§ WORK TO COMPLETE: Give the listing again word for word. Skip the pictures.

§ SOURCE MATERIAL:
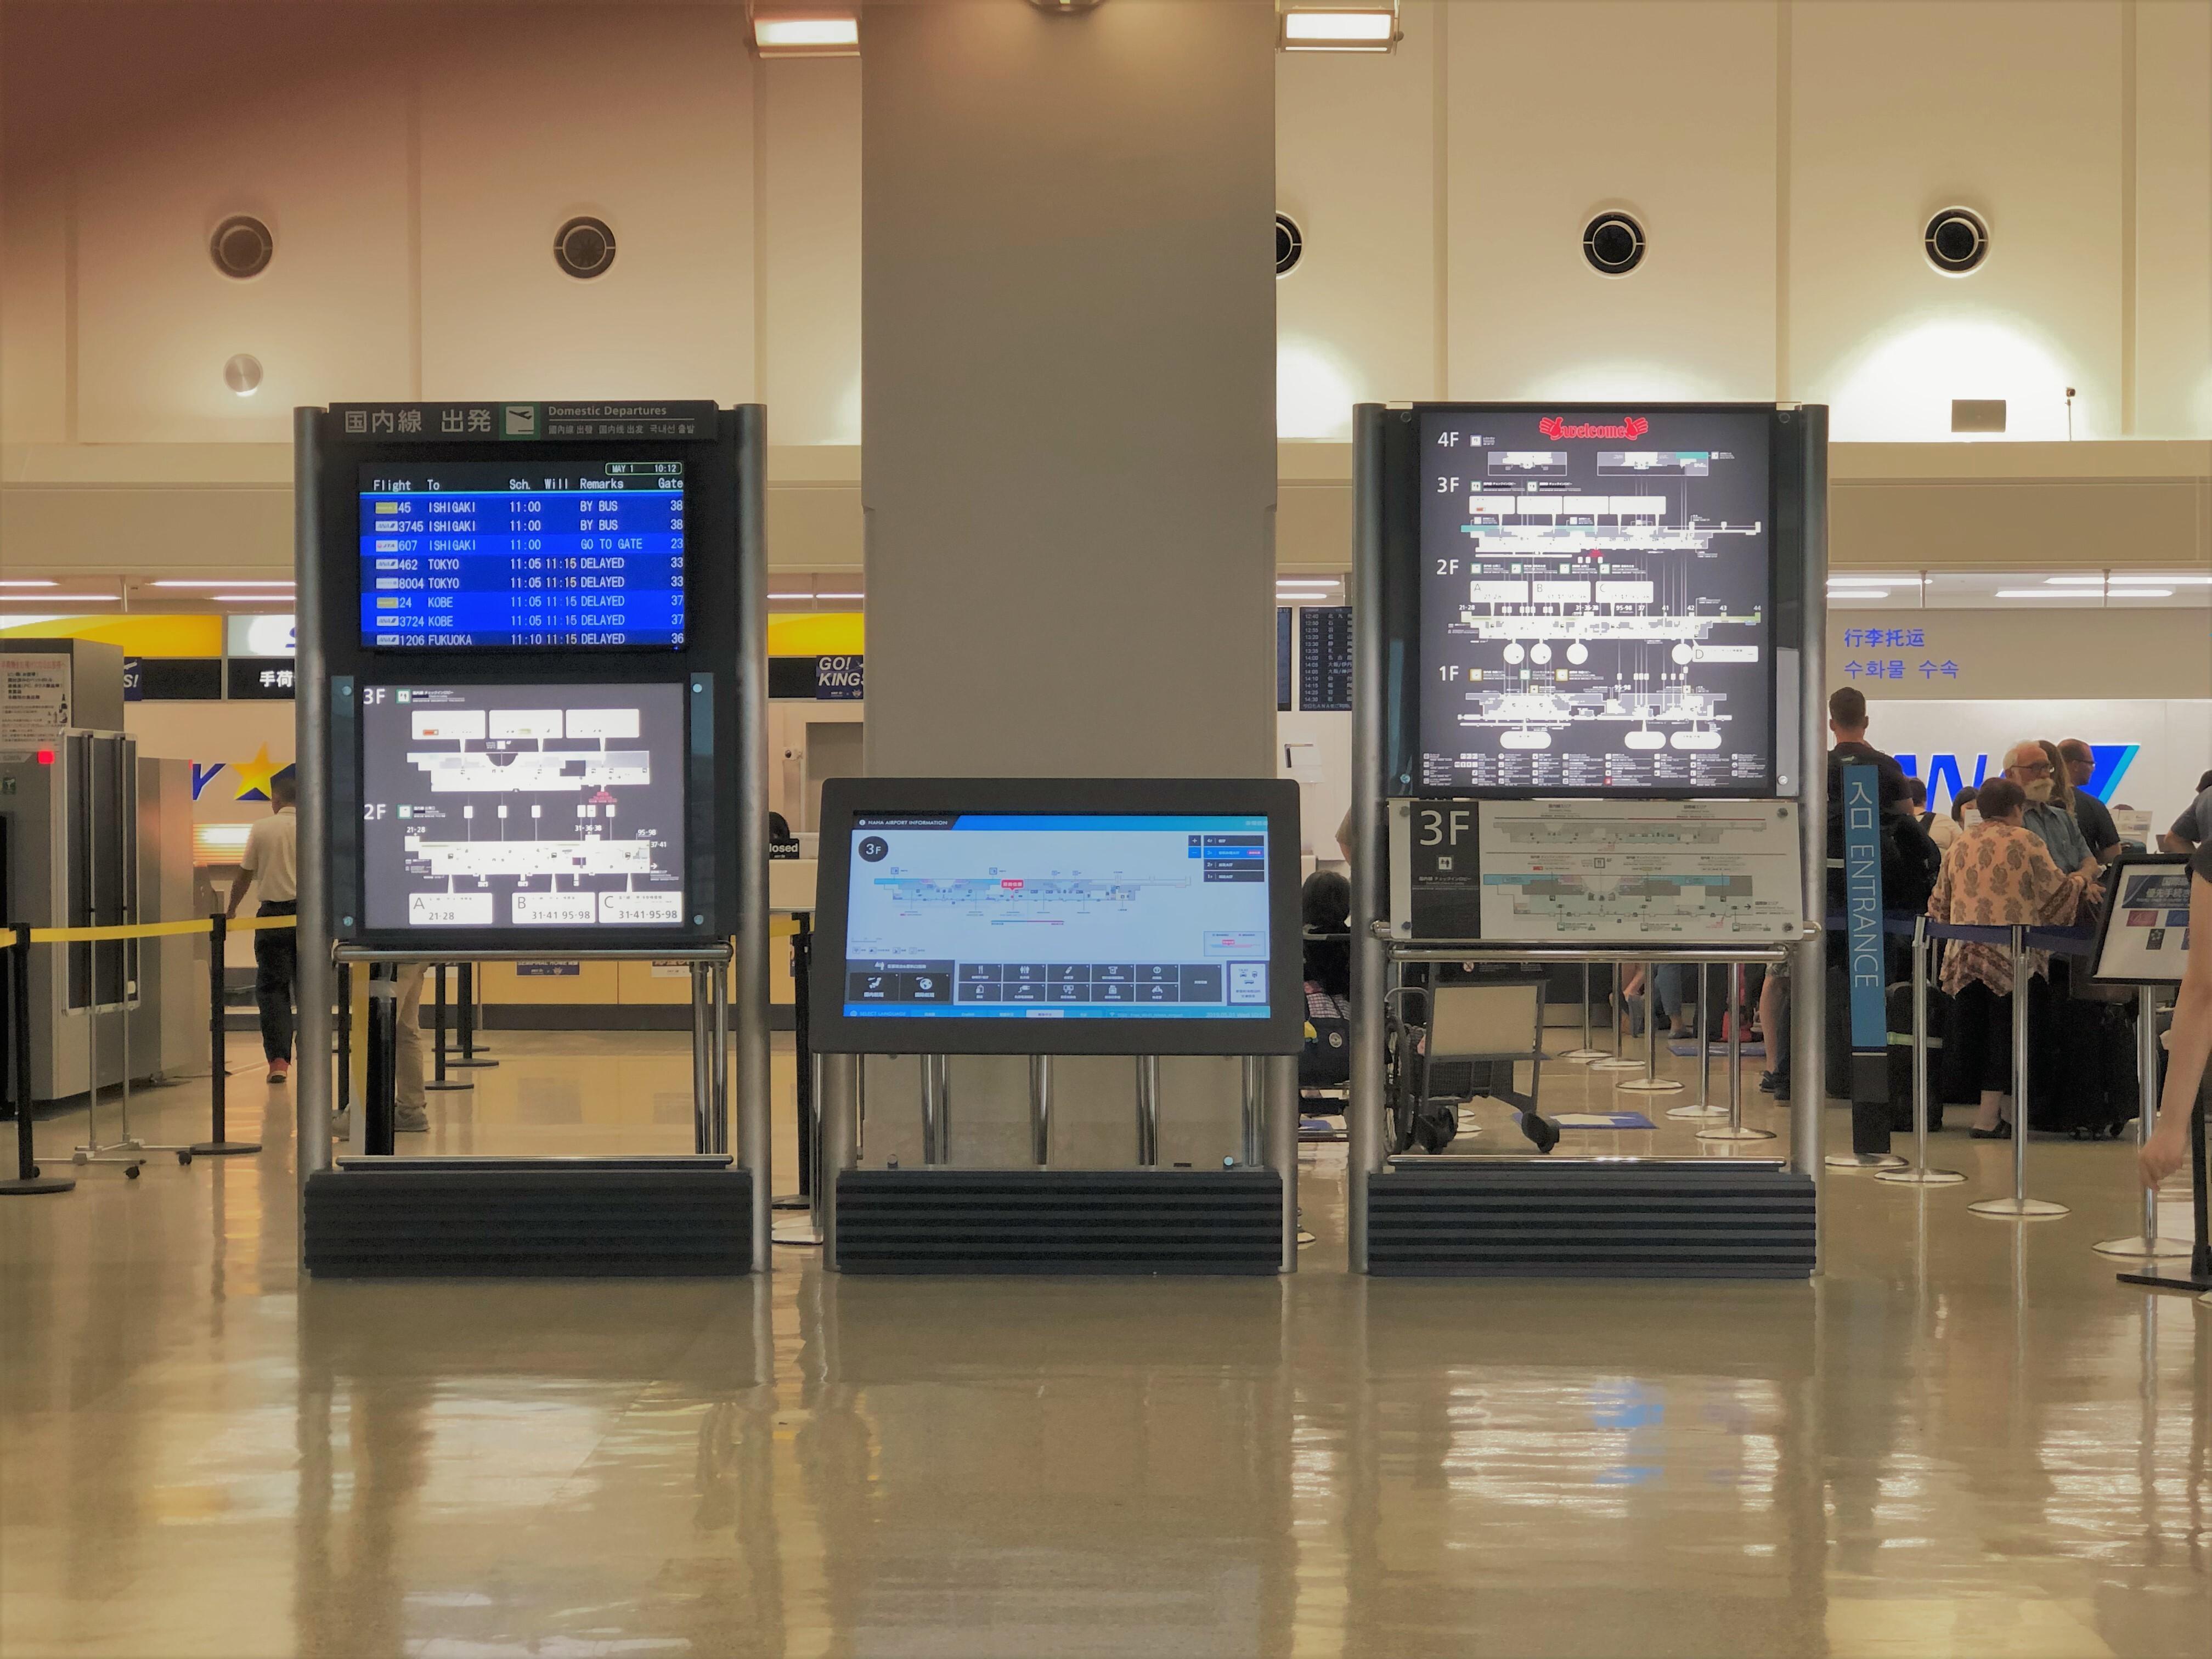 空港内の電子掲示板の写真
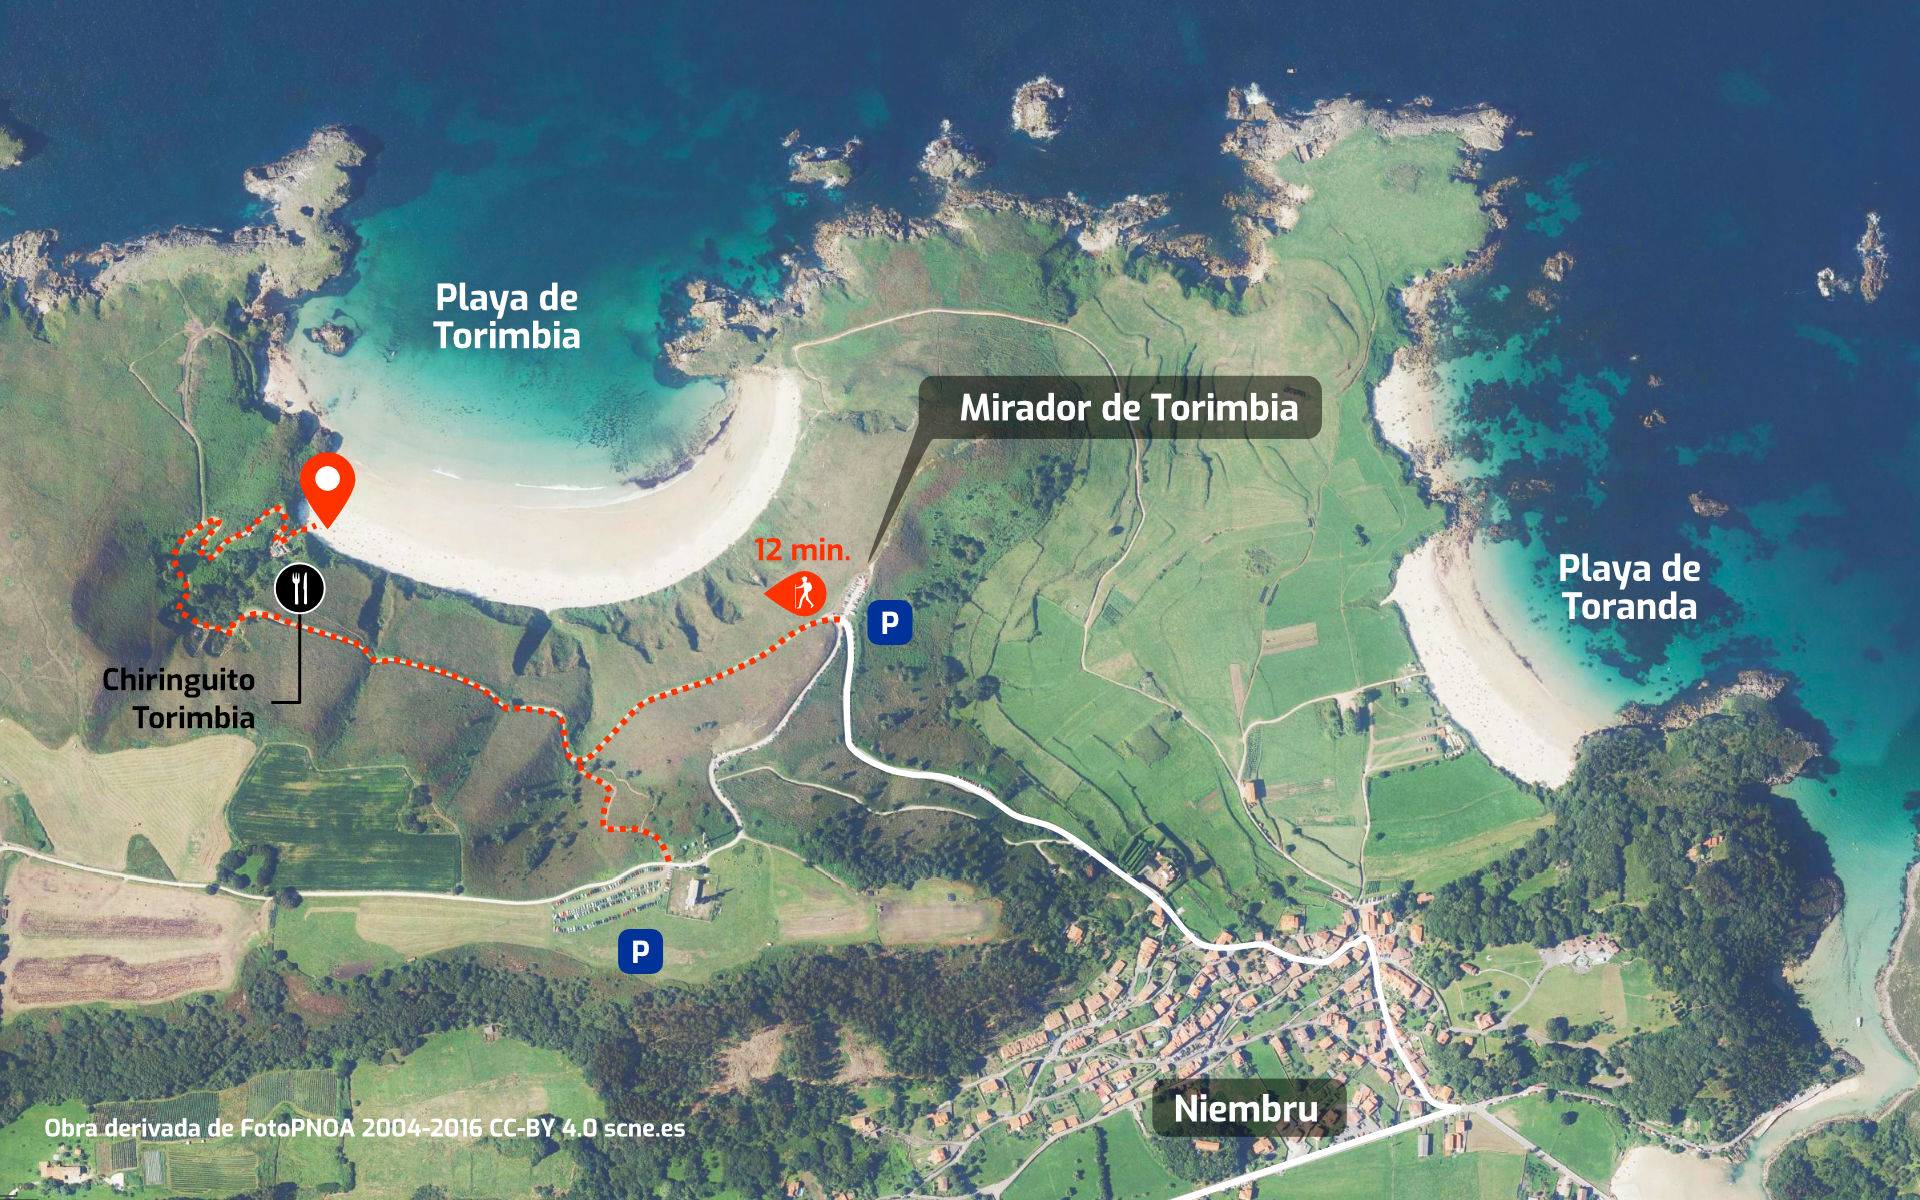 Mapa de cómo llegar a la Playa de Torimbia, en Niembro, Llanes, Asturias
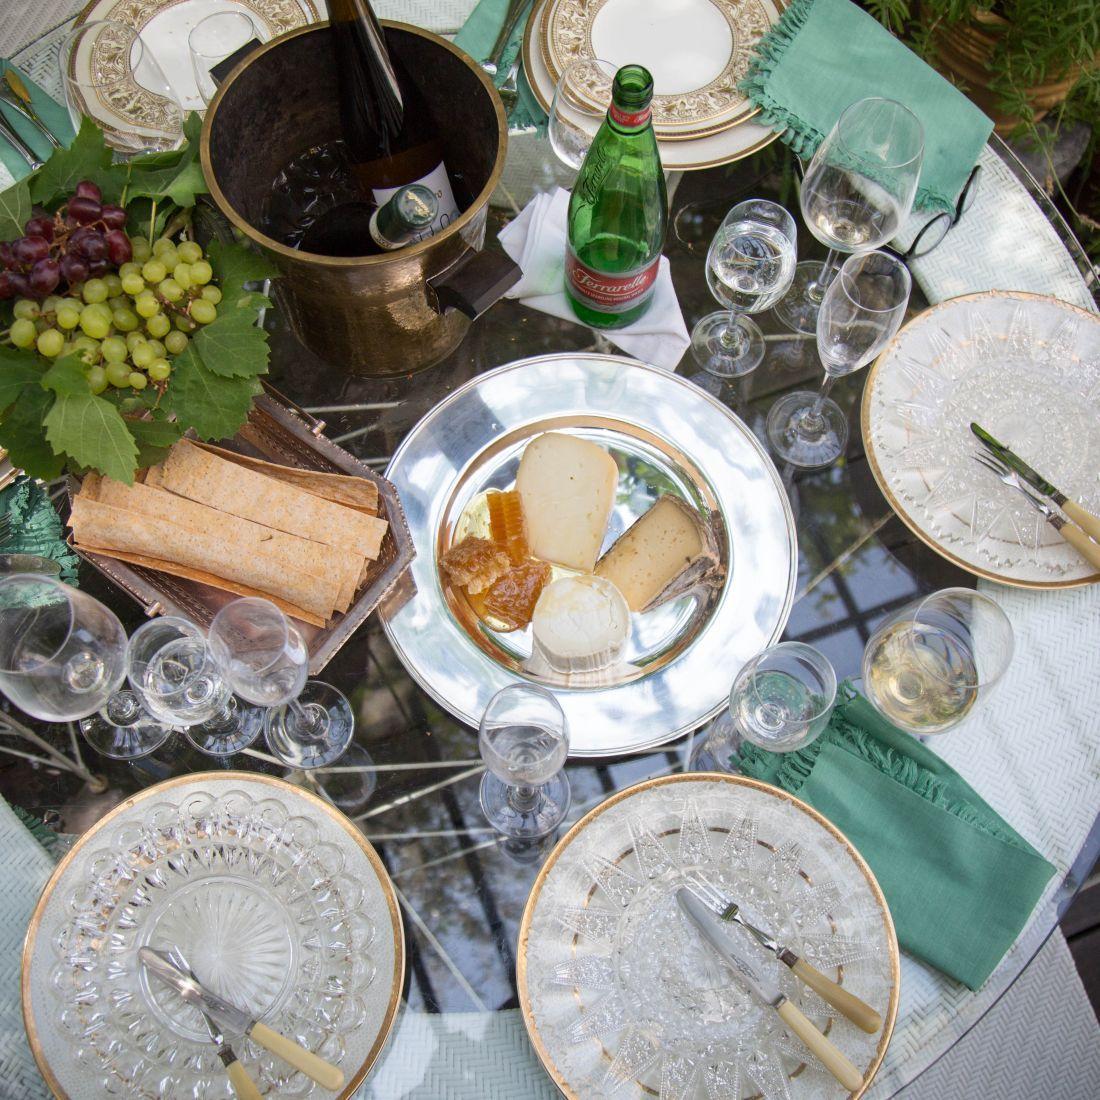 צלחת גבינות, חלת דבש וקרקרים

§ OUTPUT FOR THIS TASK:
 空港内の電子掲示板の写真
 Mapa de cómo llegar a la Playa de Torimbia, en Niembro, Llanes, Asturias
 צלחת גבינות, חלת דבש וקרקרים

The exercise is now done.